I think cooking with no (or minimal) heat is going to be the theme of the week around here; we are already experiencing a record-breaking heat wave, and it's only supposed to be getting hotter. Of course, since this is unusual for the PNW, we don't have air-conditioning. We actually only own one fan. (And apparently we've become heat wimps since leaving the midwest.) Fortunately for us, this is also the height of the season for all kinds of delicious foods which don't really need much messing with to be a meal. Gazpacho takes advantage of this, especially gazpacho (like this one) which doesn't use tomato juice.
Gazpacho is nostalgic for me, since it figures fairly prominently in one of our all-time best vacations. It was actually a "staycation," I guess, before anyone used that word. It was over the fourth of July weekend, and we both took an extra day off, so we had four days to just enjoy ourselves at home.

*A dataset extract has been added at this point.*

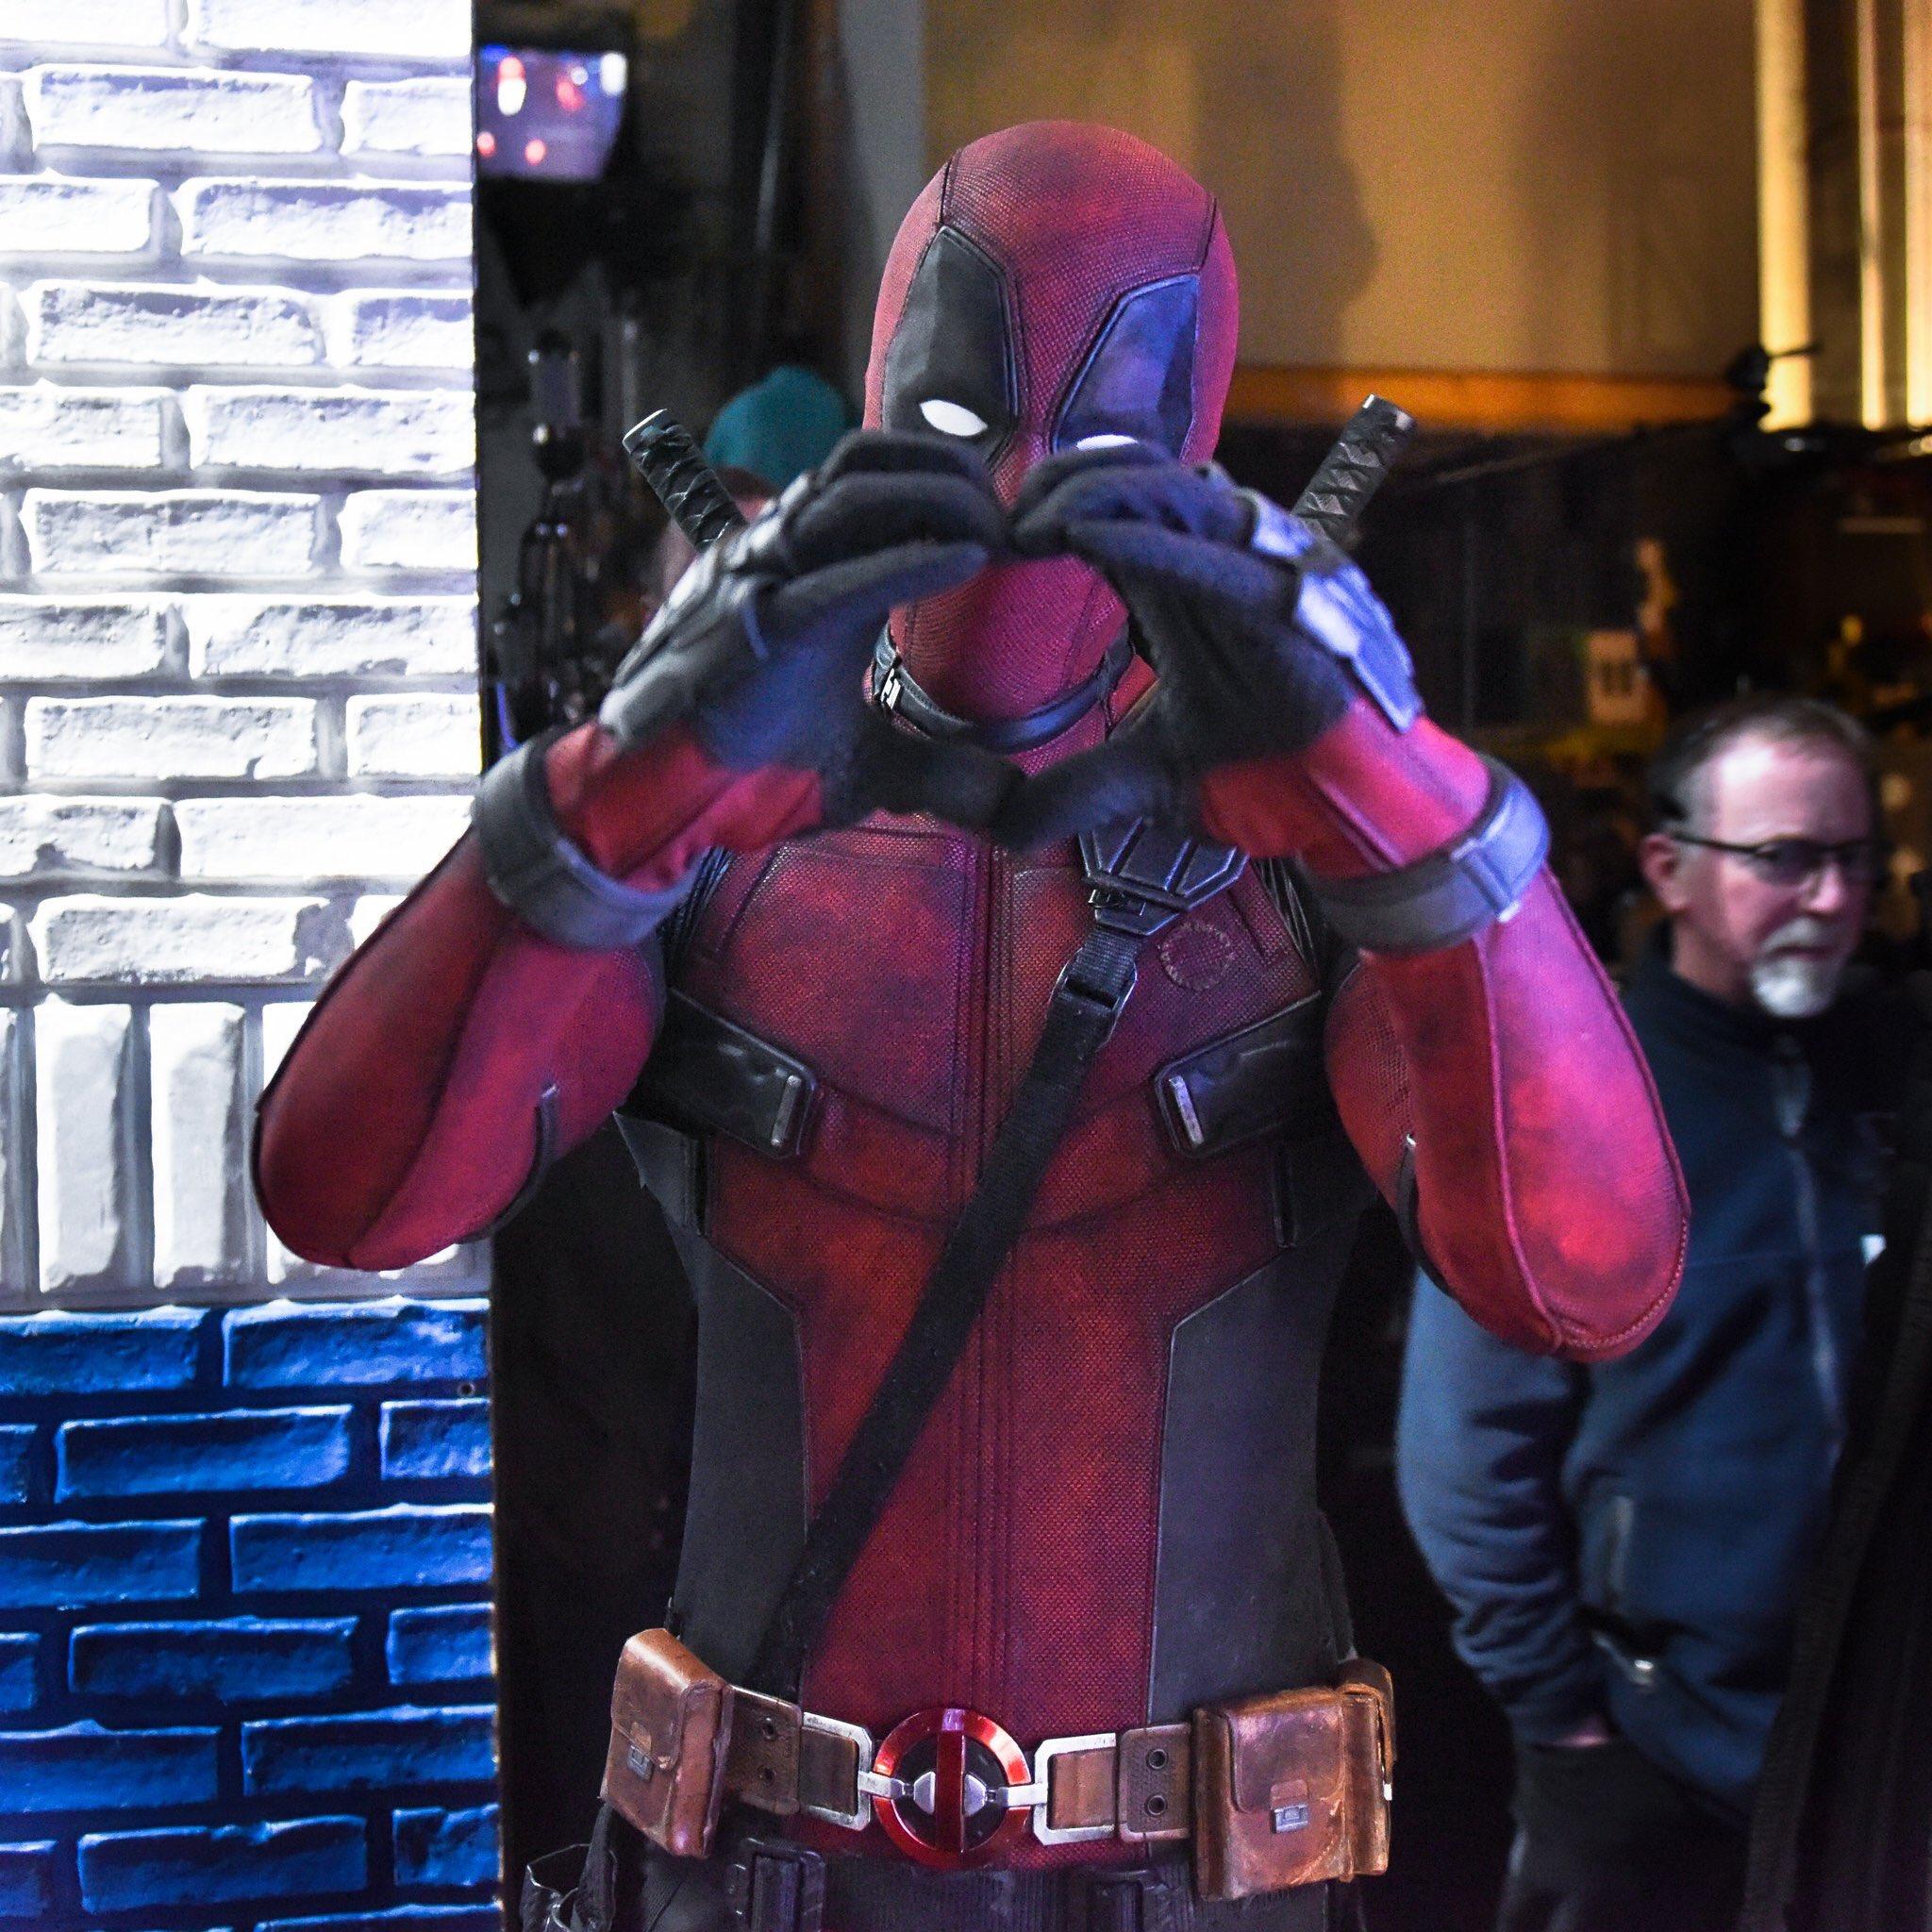 Tonight! Lighthearted high jinks with Deadpool! (Seen hear strangling Vanisher.) @deadpoolmovie #LSSC https://t.co/wgTkkDjD5q

We got up a bit late and had breakfast at a little cafe near our house, usually just pastries and excellent espresso. Their courtyard (really just the alley between their building and the one next-door) is FILLED with all kinds of flowers and birdbaths and it was a lovely place to linger. We spent the rest of the morning and the early afternoon just puttering about, and then went back to the cafe for lunch. It was just serendipity that one of us ordered gazpacho on the first day of our vacation, but it was so exquisite, so much the essence of summer, that we ordered it every day thereafter.
It was a perfect gazpacho: balanced, refreshing, with just the right amount of texture, and just a bit spicy. That soup ended up embodying a lot of the spirit of the weekend - my mental image of the vacation is sitting in Crema's lovely courtyard, slowly savoring it as Victor and I talked, and talked, and talked. This gazpacho can't hope to recreate that, but it definitely brings it to mind in a wonderful way.
Gazpacho con Tropezones
adapted from deliciousdays
- 2 slices of stale white bread
- 500g ripe tomatoes (about 2 large or 3 medium), chopped
- 1 red bell pepper
- 1 green bell pepper
- 1 small cucumber
- 1 white onion
- 1 small jalapeno pepper, seeded, deveined, and diced
- 1-2 garlic cloves
- ~1 tsp fine sea salt
- freshly ground black pepper
- a good pinch of dried chili flakes
- 2-3 tbsp red wine vinegar
- 4-5 tbsp fruity olive oil
- a small handful of ice cubes
Put the slices of stale white bread in a bowl and cover with cold water. Set aside. Chill serving bowls or glasses (optional).
Prepare the vegetables:
- Chop half the onion, half of each of the bell peppers, and half of the cucumber. Reserve the other halves for making the tropezones. Put the chopped veggies in the blender with the tomatoes.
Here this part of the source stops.